# What is required
Set down, exactly and only, everything from the line containing "Orient alfombra verdadero" down to the line containing "2021 Toyota Venza" in the data below; the pictures are not part of the copy.

# Provided material

━━━━

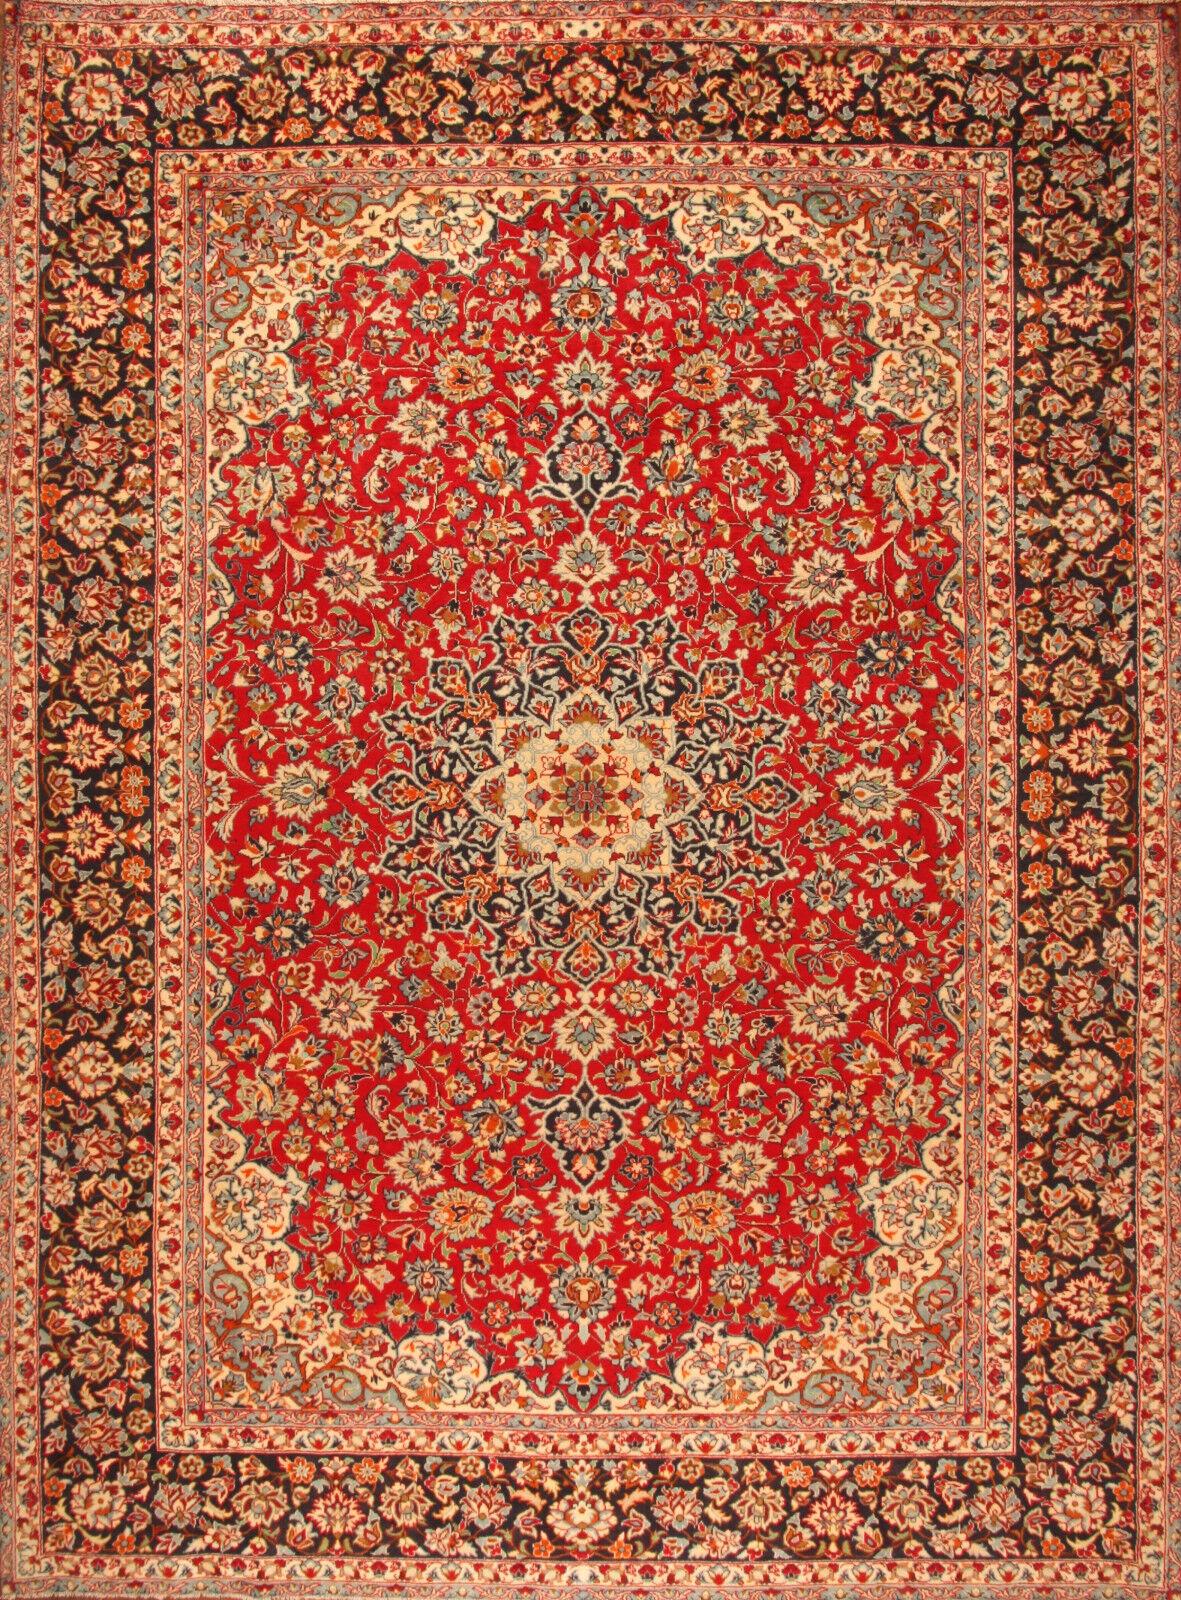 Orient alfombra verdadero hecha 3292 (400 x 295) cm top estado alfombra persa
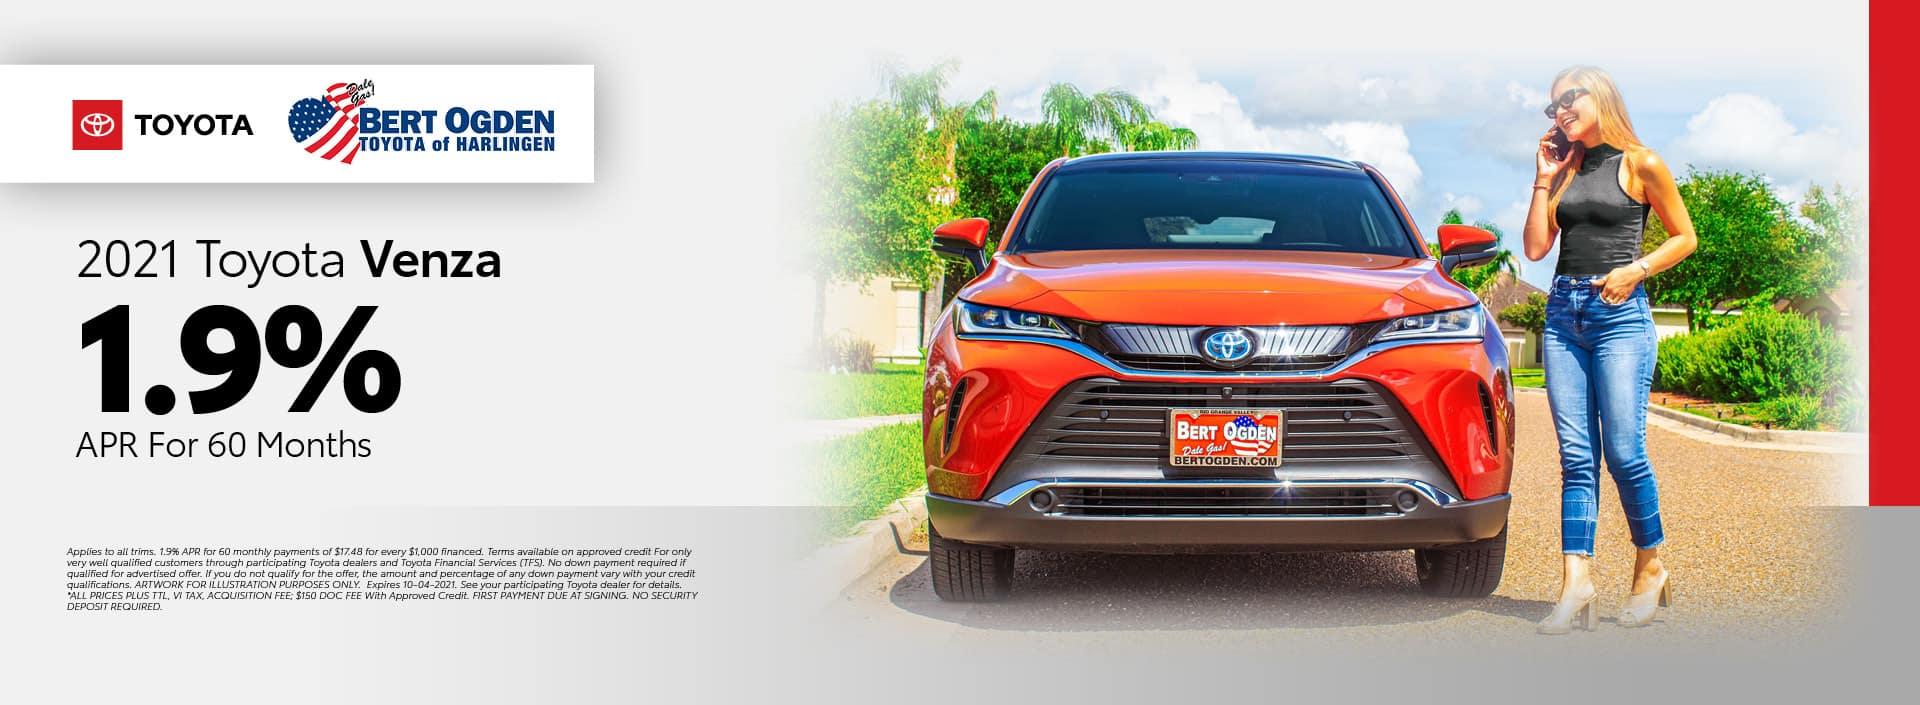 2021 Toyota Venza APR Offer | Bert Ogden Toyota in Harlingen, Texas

━━━━

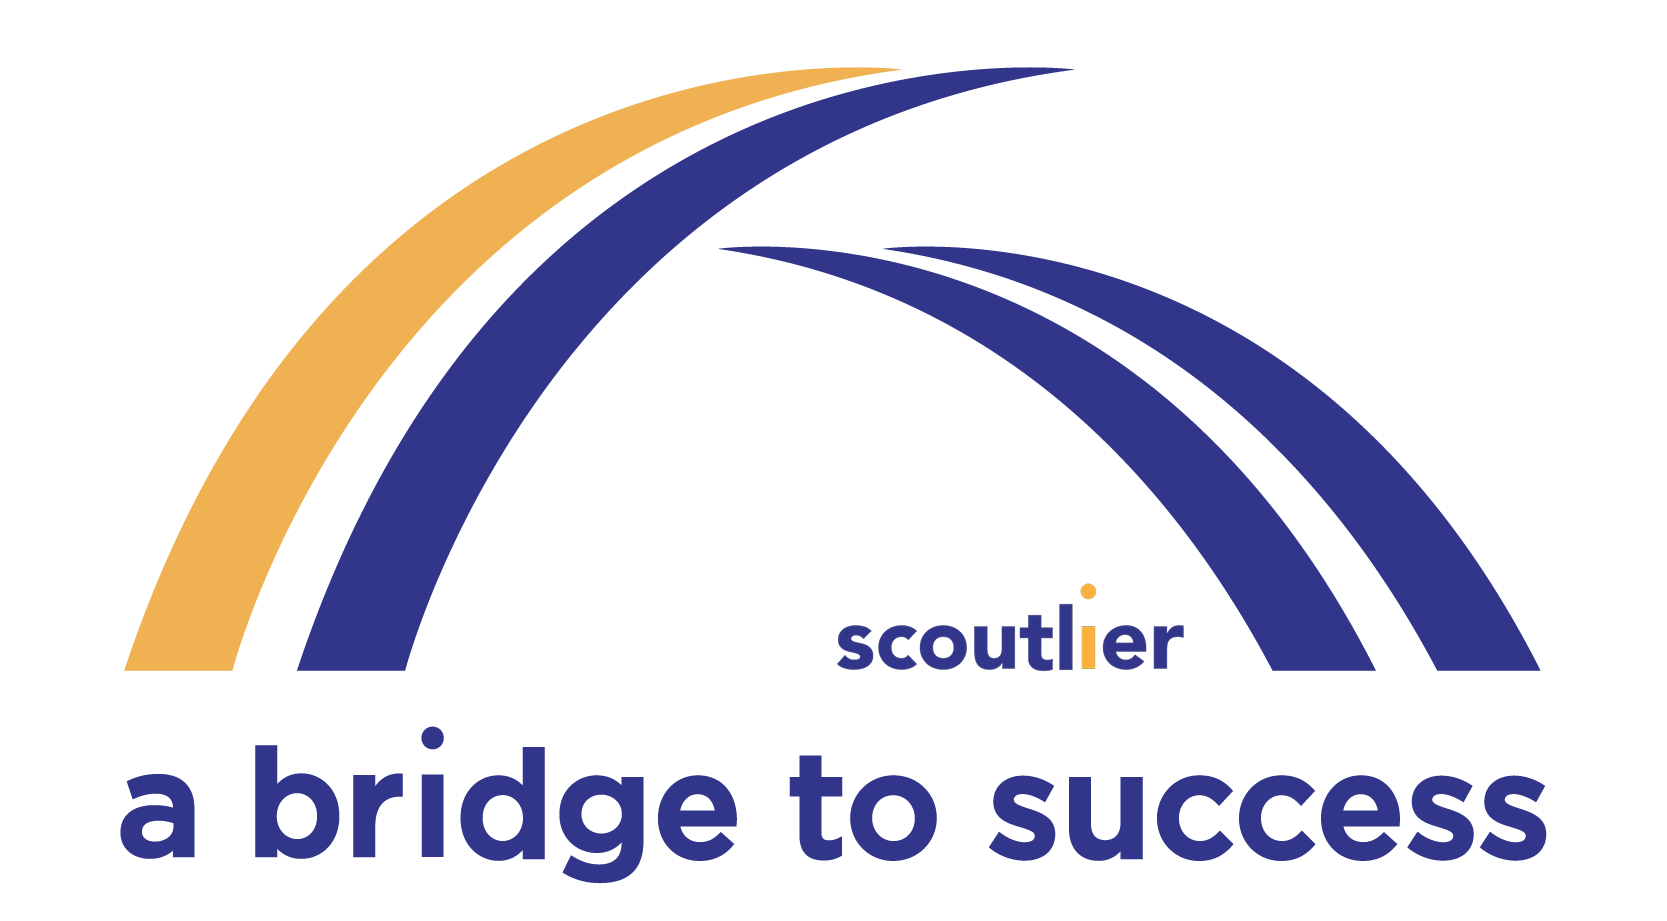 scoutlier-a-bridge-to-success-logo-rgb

━━━━

# Response to this exercise
 Orient alfombra verdadero hecha 3292 (400 x 295) cm top estado alfombra persa
 2021 Toyota Venza APR Offer | Bert Ogden Toyota in Harlingen, Texas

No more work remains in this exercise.